Станислаус охотно согласился быть столь любезным. Лилиан сидела у плиты, глядя на гаснущие искры в поддувале. Она дулась.
— Вы пришли к папе или ко мне?
Он бережно погладил ее по взлохмаченной голове. Она не возражала. Он сел рядом.
«Лора, Лора, Лорхен, Лорхен, мой свет, хороши девчонки в восемнадцать лет…» — доносилось из столовой. Когда он ее целовал, взгляд его упал на небольшую кухонную полочку: «Перловая», «Манная», «Овсяная» — все стояло в отменном порядке.
41
Ох уж эта Лилиан! Она сводила его с ума! Когда они сидели дома в пешелевской столовой и проводили вечер за вкусным ужином, игрой в лото или разговорами о маленьких городских новостях, тогда не было на свете более кроткой дочери, более послушного дитяти. Но как только родители разрешали ему вывести их дитя на свежий воздух, Лилиан мгновенно преображалась; она была воплощением нежности, виртуозом, в совершенстве владеющим искусством ласки, маленькой любовницей-дьяволицей, которой ничего не стоило грациозно свести на нет все самые твердые намерения Станислауса.
— Расскажи, что ты почувствовал, когда в первый раз увидел меня?
— Я боролся с собой, я уж это говорил тебе. Но ты была такая живая и такая милая, что я не мог тебя забыть. А ты никого не замечала, кроме этого мотоциклетного дурака.
— Только потому, что ты рта не раскрывал.
Логика любви, любовная тарабарщина, бог его ведает, что это, но они друг друга понимали и им было хорошо вдвоем.
Ему становилось все труднее сдержать клятву, которую он дал себе: через год, при всех условиях, сдать выпускной экзамен в своем заочном институте. Он честно и стойко боролся, но у него была могучая противница — любовь. Время у него незаметно растиралось. Среда, суббота и воскресенье были днями, которые Пешели установили для любви. В понедельник, вторник, четверг, пятницу Станислаус занимался и чувствовал отчаянную усталость.
«Почему вы задерживаете сочинение на тему о периоде „бури и натиска“ и о том, как он отразился на творчестве различных поэтов?» — спрашивал заочный учитель по немецкой литературе.
В данном случае Станислаусу не стоило большого труда восполнить пробел.
«Почему вы задерживаете работу на тему о влиянии Фридриха Великого на использование болот вдоль рек Одер и Варта?» — спрашивал заочный учитель истории.
Тут уж Станислаусу труднее было ответить.
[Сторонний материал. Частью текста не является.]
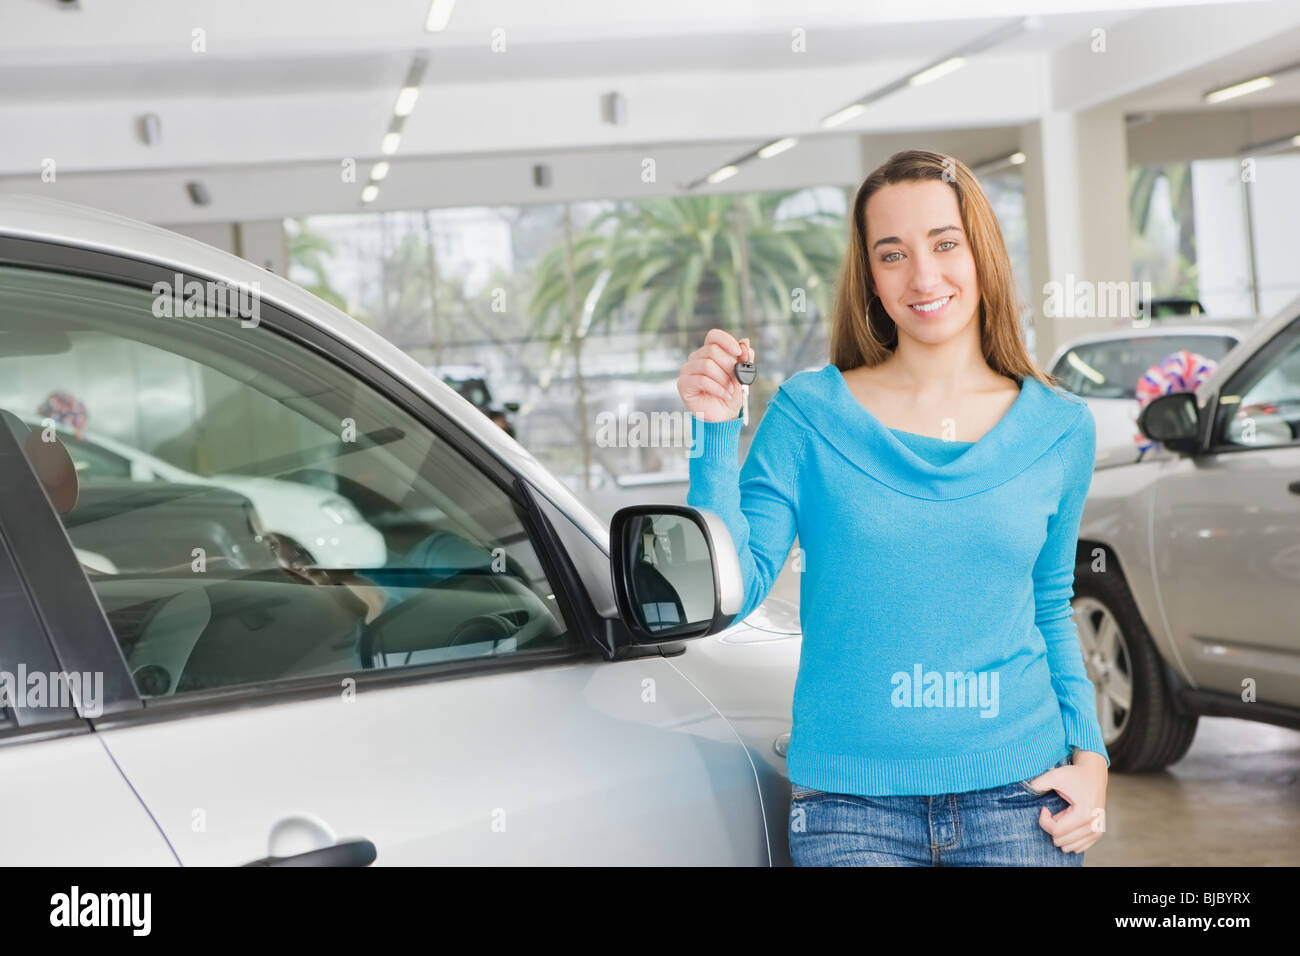 Hispanic woman holding keys to new car Stock Photo

А о логарифмах и гиперболах нечего было и спрашивать.
— За последнюю неделю написал какие-нибудь стихи? — спросил папаша Пешель.
— Стихов не писал, только занимался.
Папаша Пешель кивнул.
— Рабочий человек должен учиться. Нет ничего важнее образования. Писать стихи — это тоже значит учиться, это часть общего образования. Во всяком случае, когда я состоял в профессиональном союзе, я почти каждый день писал по стихотворению, особенно во время забастовок. Как начинается забастовка, так, понимаешь ли, свободного времени хоть отбавляй, стихи прямо-таки сами пишутся. Теперь профсоюзная борьба запрещена. — Папаша Пешель отхлебнул глоточек клубничного вина. — Теперь все носятся с пресловутым «отечеством». Бастовать, видишь ли, нельзя. Это против отечества. Во имя этого отечества помалкивай в платочек, во имя этого отечества делай то-то или не делай того-то, а оно, отечество, что-то маловато нам платит.
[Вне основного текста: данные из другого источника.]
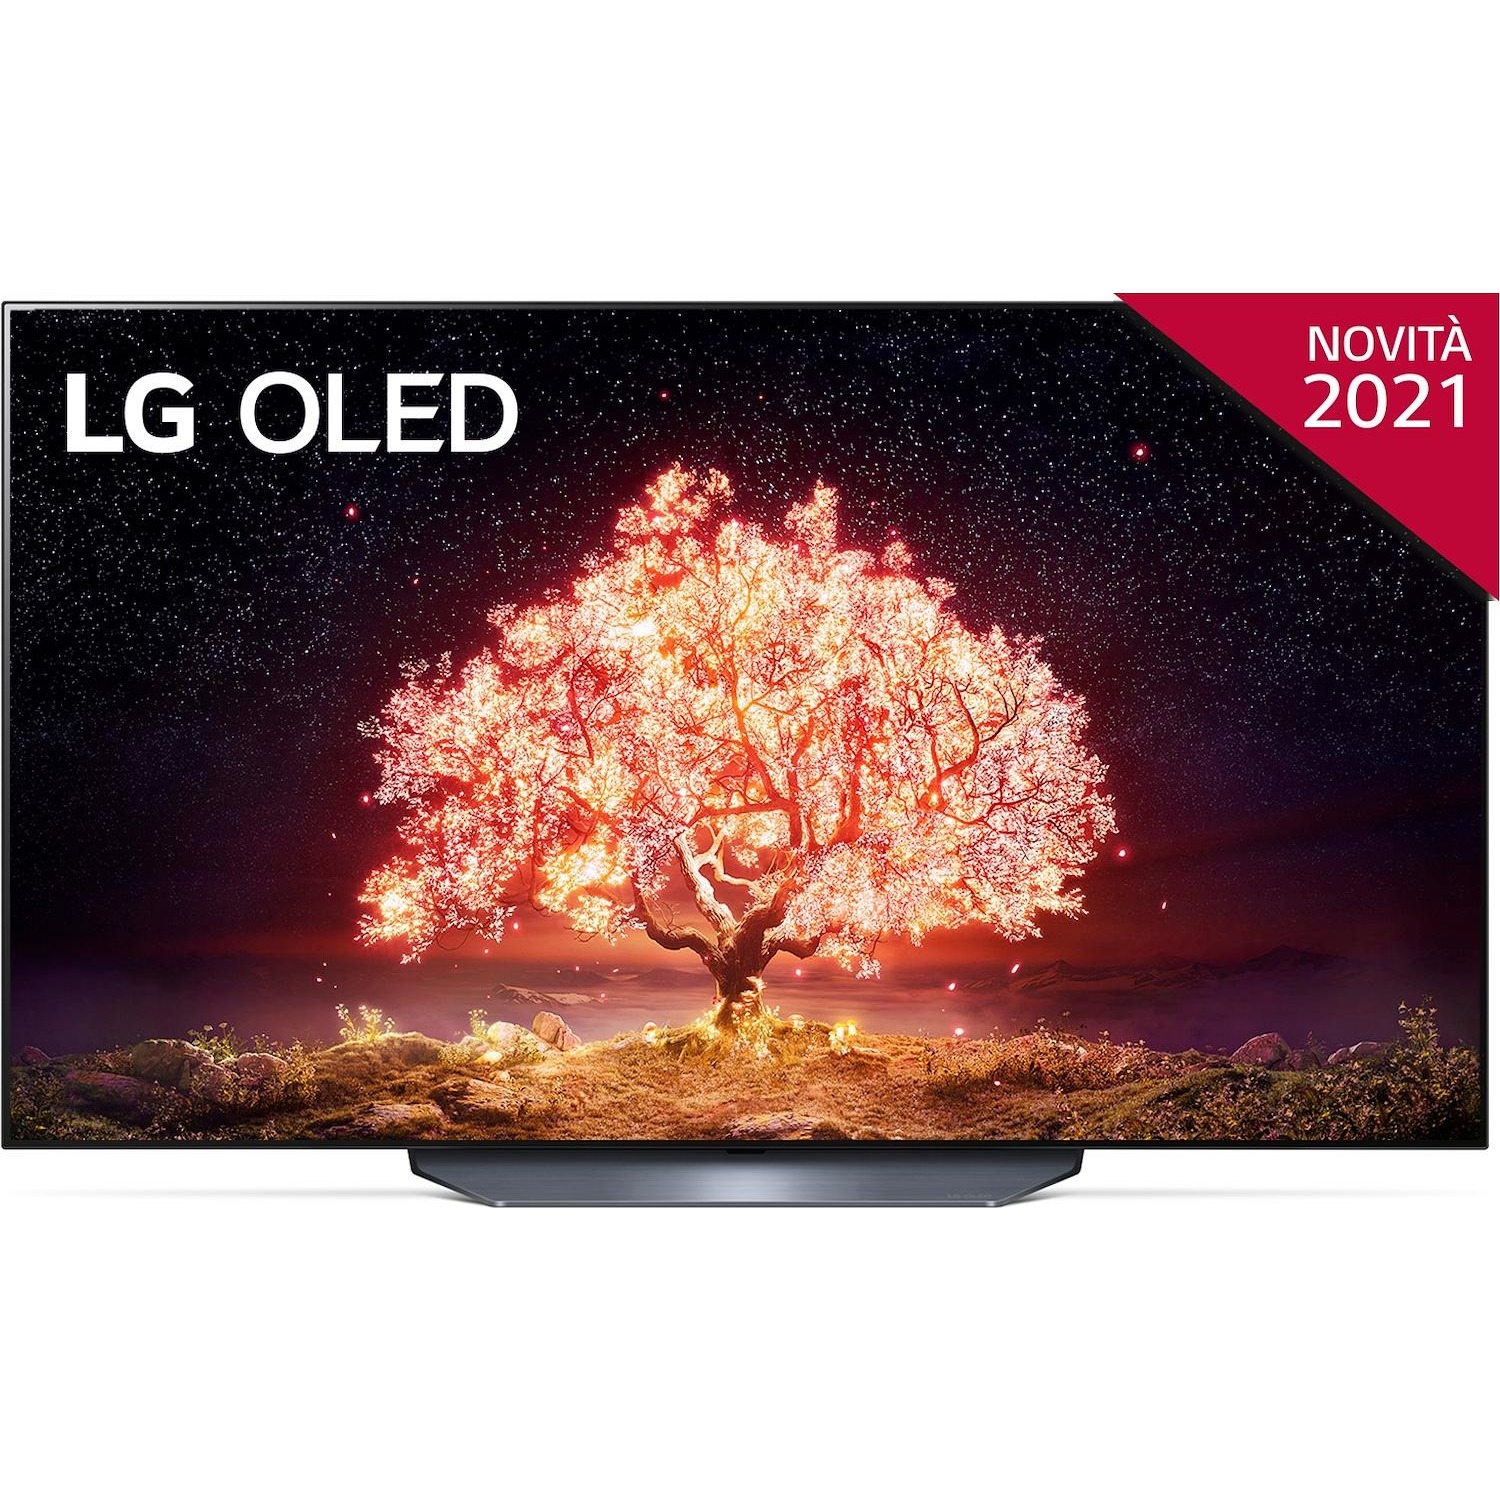 Immagine per TV OLED UHD 4K Smart LG OLED55B16 da DIMOStore

Станислаус кивнул. Он ждал Лилиан. Лилиан работала стенографисткой на фабрике, расположенной на краю города. Фабрика была новая, окруженная таинственностью. Кое-кто утверждал, что она построена под землей. Этих людей арестовали за распространение слухов. С тех пор под землей уже не было никакой фабрики. Существовала птичья ферма, и наседки там несли для фюрера железные яички.
Лилиан вернулась домой, чем-то расстроенная.
— Ты думал обо мне в понедельник?
— В понедельник я думал о тебе.
— Это был тяжелый день для меня.
— Тяжелый день?
— Я пострадала от несправедливости. Нам не разрешают рассказывать насчет фабрики.
— Тогда не рассказывай.
— Мой начальник сказал: «Напишите тридцать тысяч!» Я написала тридцать тысяч.
— Тридцать тысяч чего?
— Тридцать тысяч того, что мы производим.
— Я уже сказал тебе — не рассказывай!
Они сидели, каждый куда-то уставившись. Она — на клетку с канарейкой, он — на ало-розовую пустошь. Пробили часы.
Половина вечера прошла. Ему не хотелось возвращаться в свою каморку под крышей не согретым душевно. Они обнялись, несмотря на «отечество» и тайны фабрики.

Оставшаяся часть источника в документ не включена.